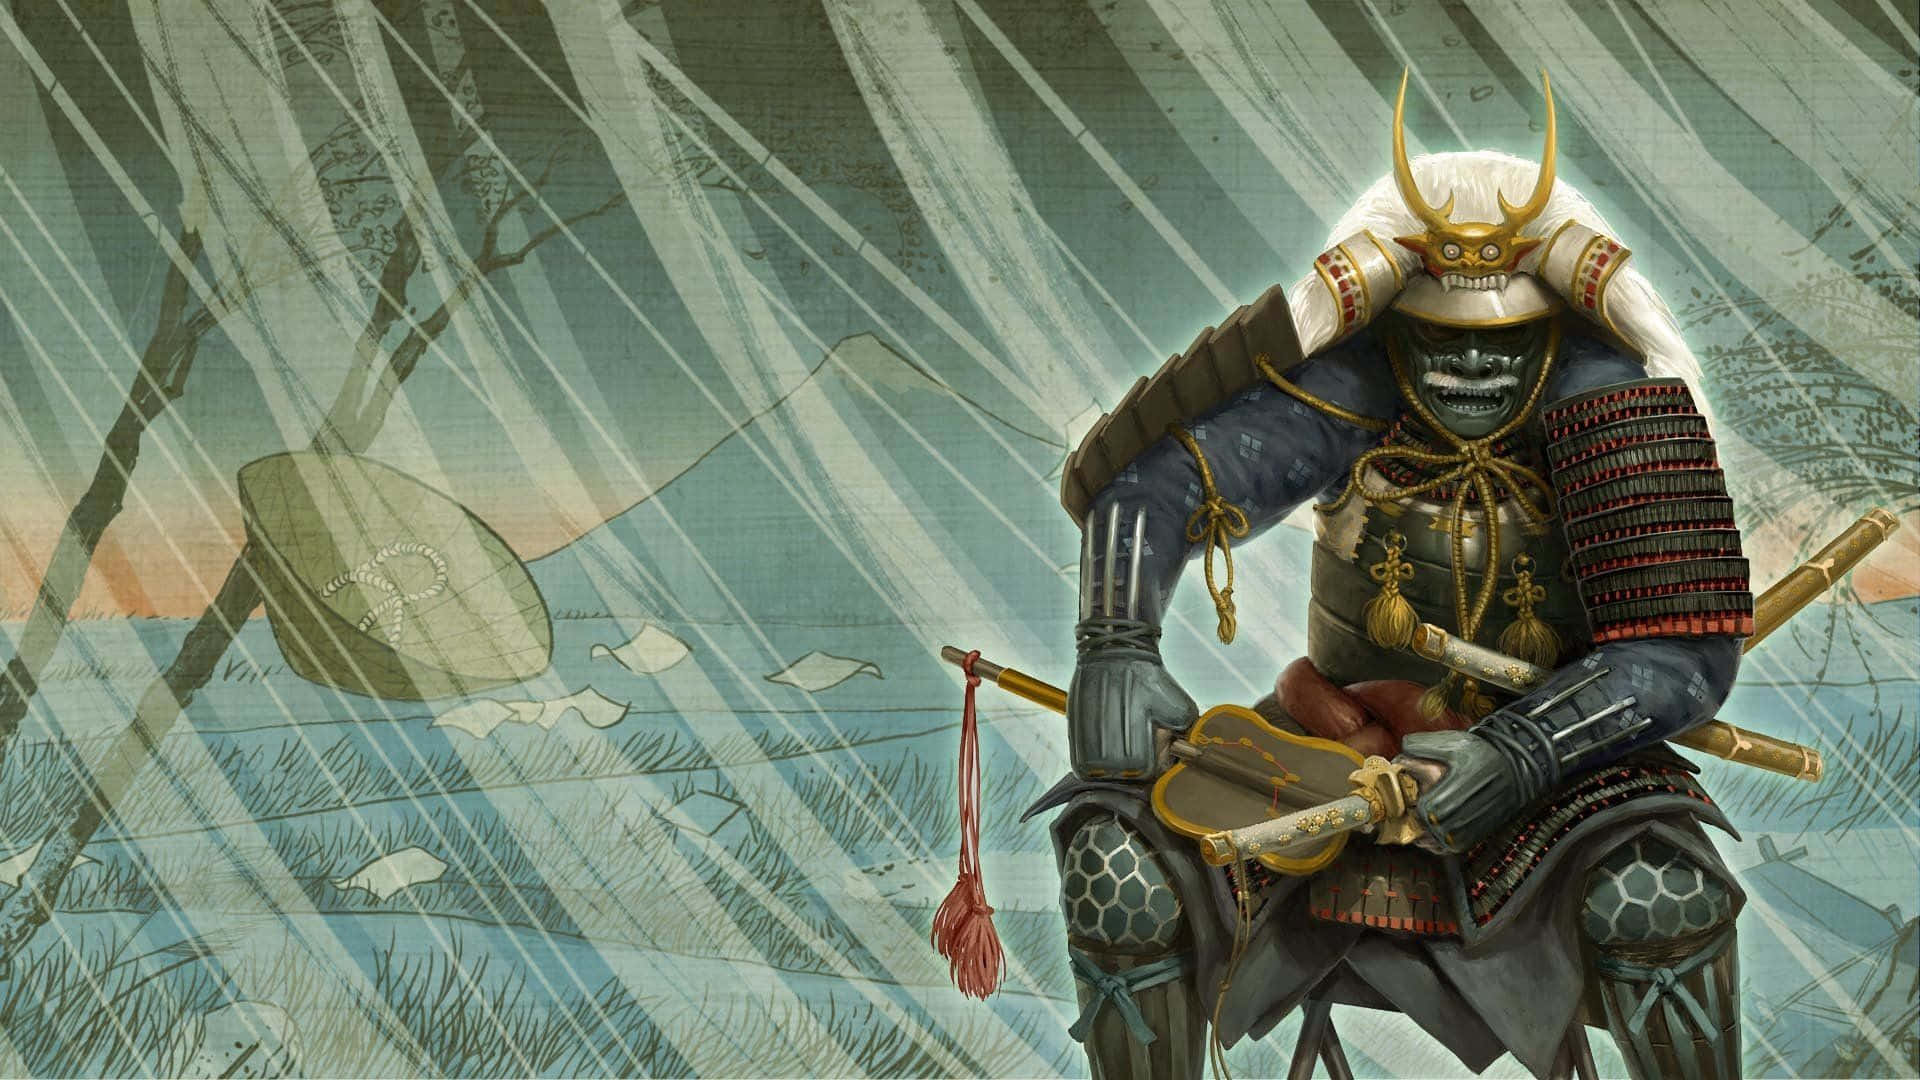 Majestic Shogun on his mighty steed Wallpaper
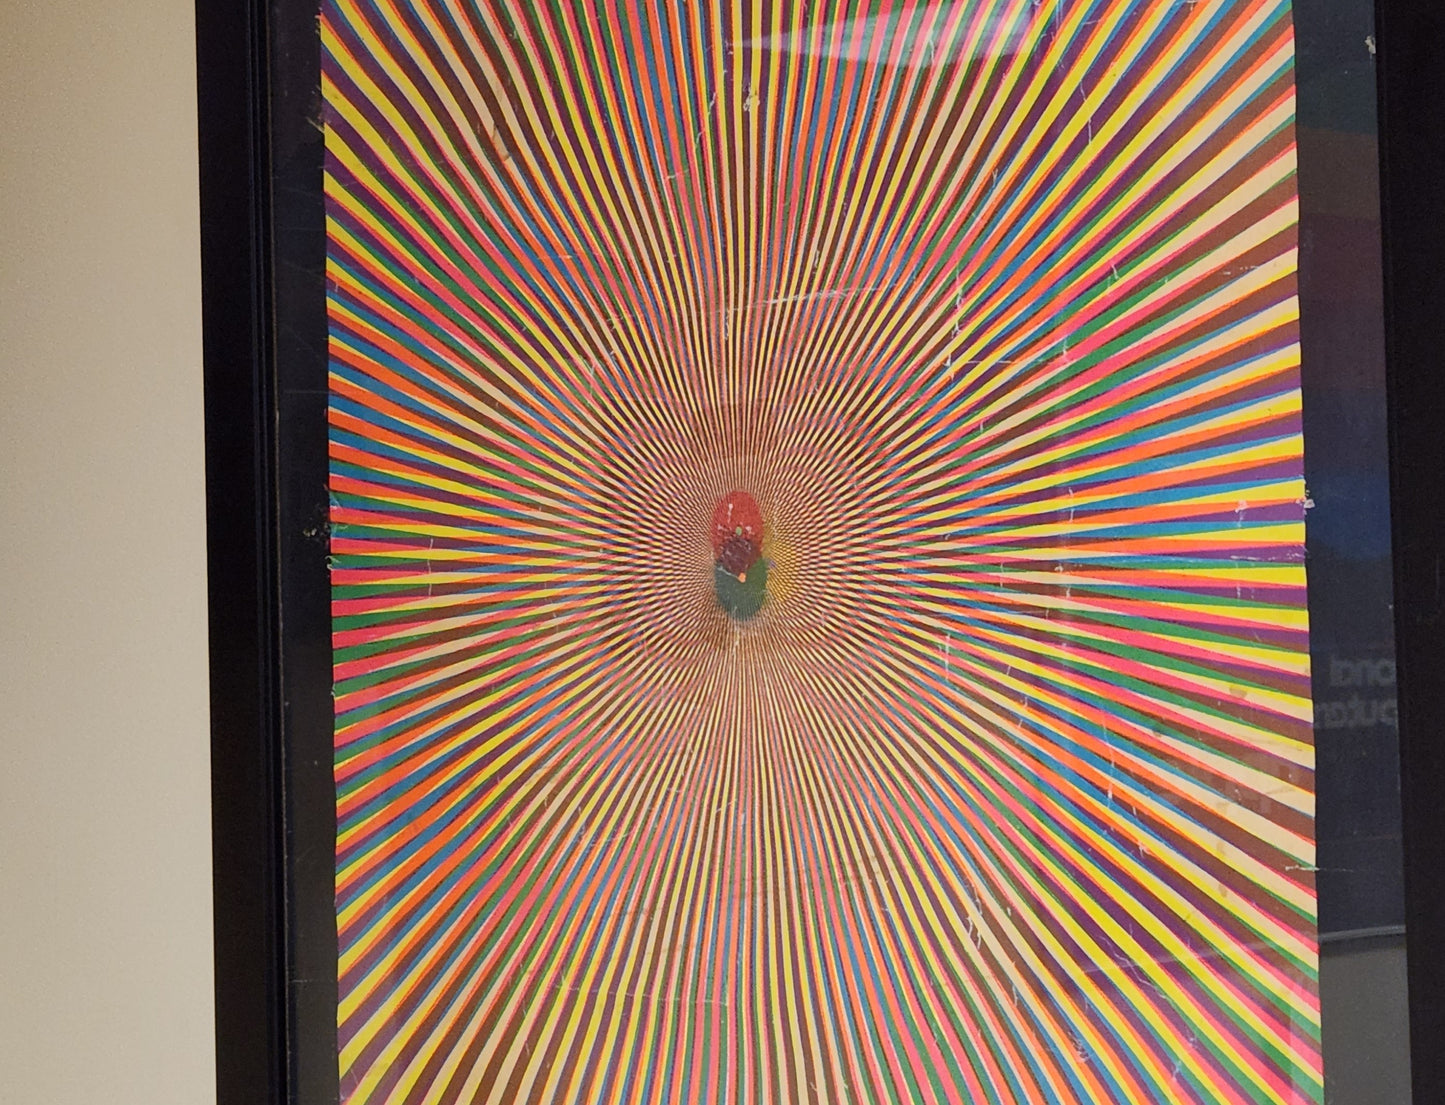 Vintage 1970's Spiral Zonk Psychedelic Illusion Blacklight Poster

++++++

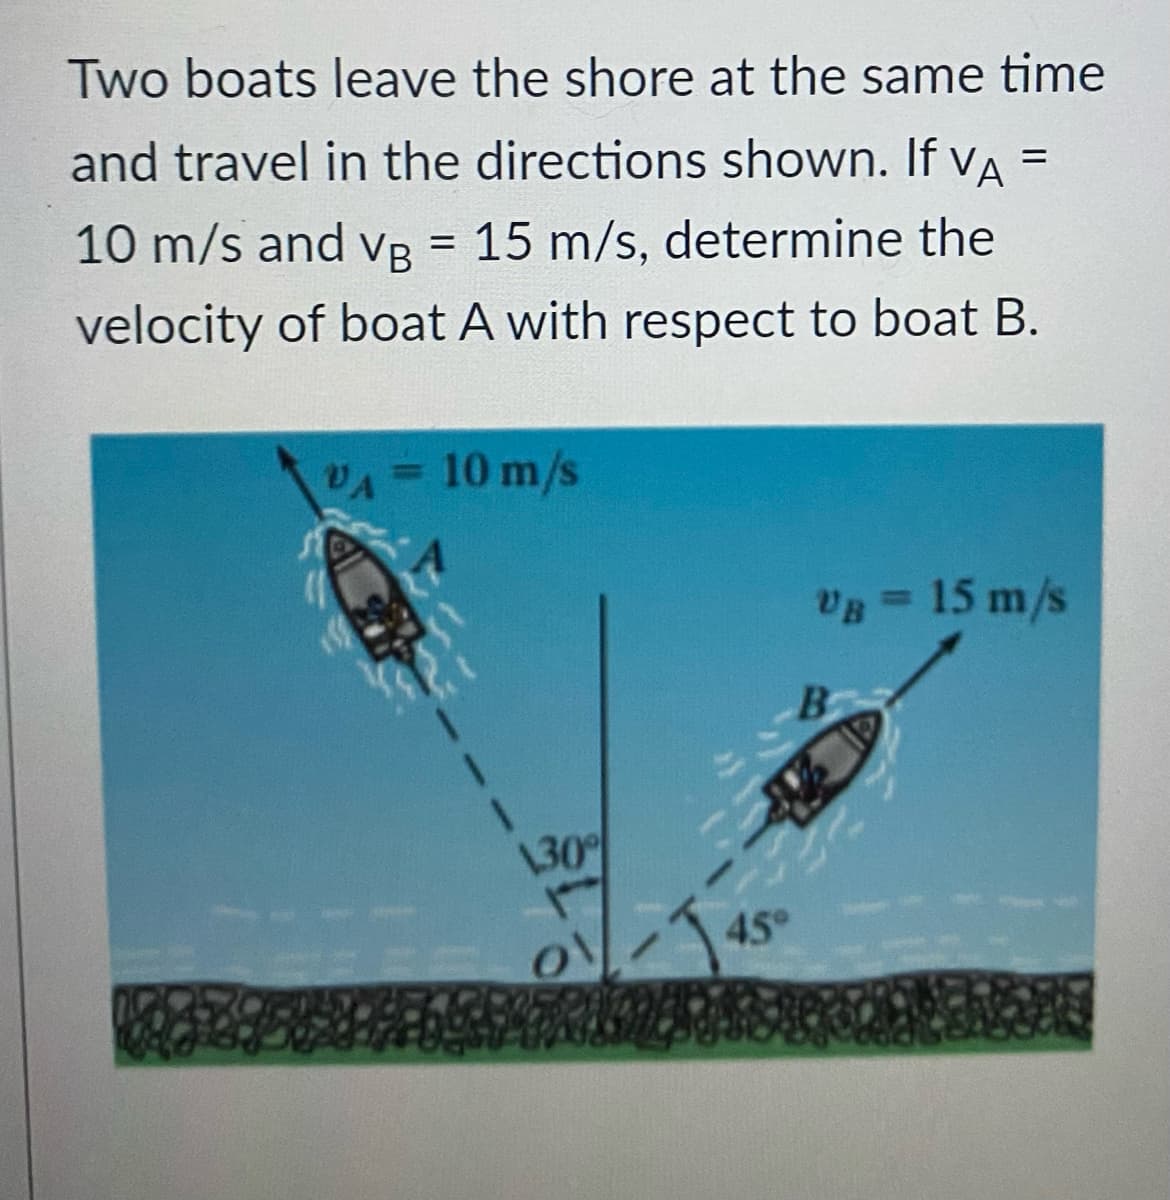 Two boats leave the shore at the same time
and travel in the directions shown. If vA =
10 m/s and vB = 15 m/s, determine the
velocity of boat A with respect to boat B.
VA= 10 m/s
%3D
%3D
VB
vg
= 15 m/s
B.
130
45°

++++++

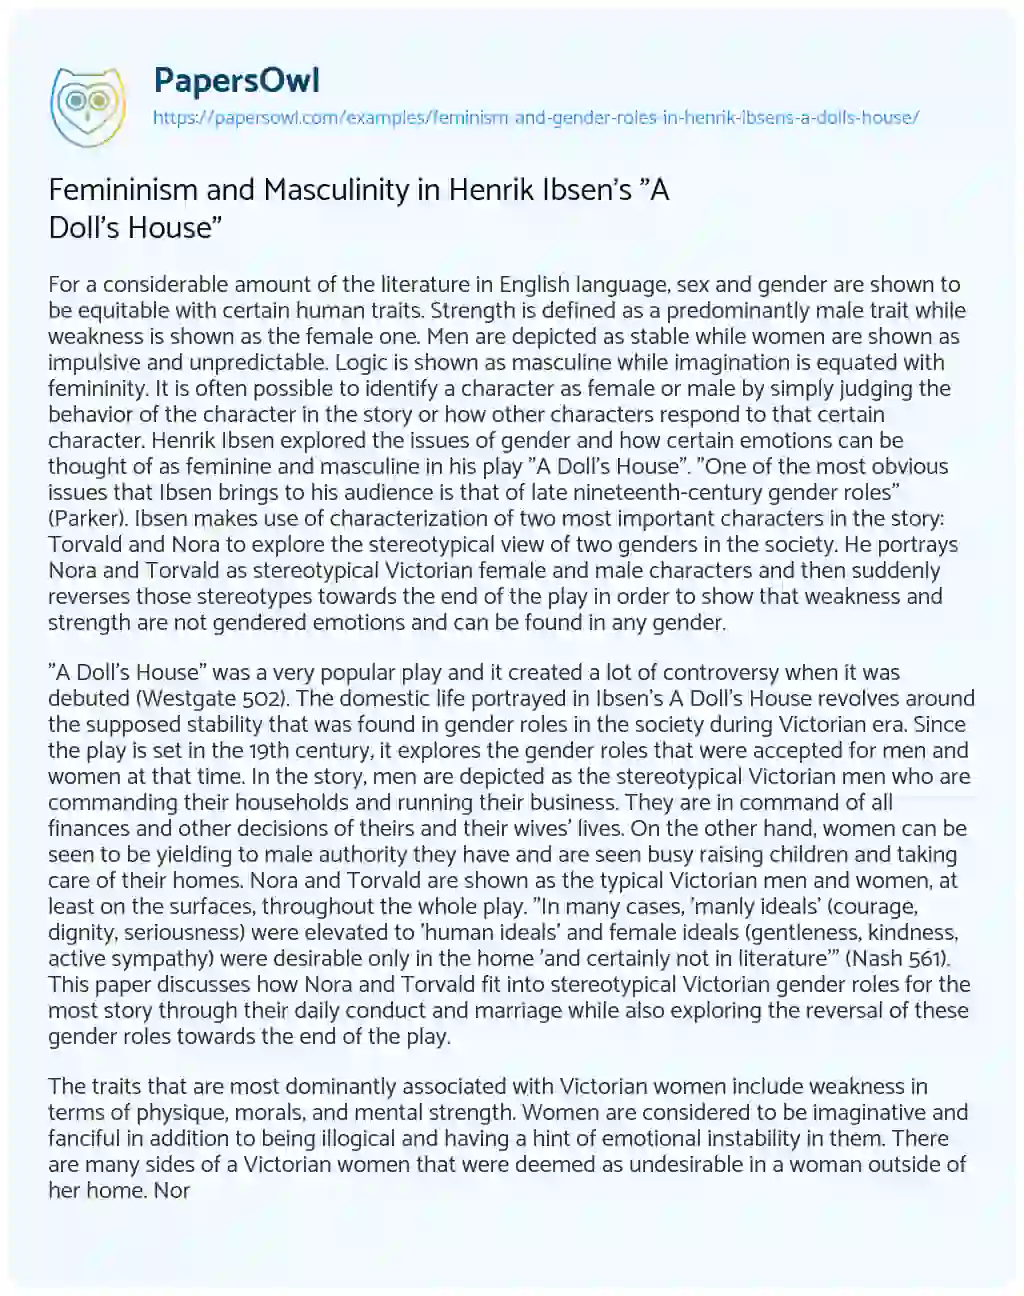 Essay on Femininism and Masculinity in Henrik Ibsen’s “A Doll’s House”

++++++

[Assignment]
Reproduce the listing above only between the lines holding "Majestic Shogun on" and "Vintage 1970's Spiral", inclusive. Every line must match exactly, and pictures are dropped.

[Reply to the task]
 Majestic Shogun on his mighty steed Wallpaper
 Vintage 1970's Spiral Zonk Psychedelic Illusion Blacklight Poster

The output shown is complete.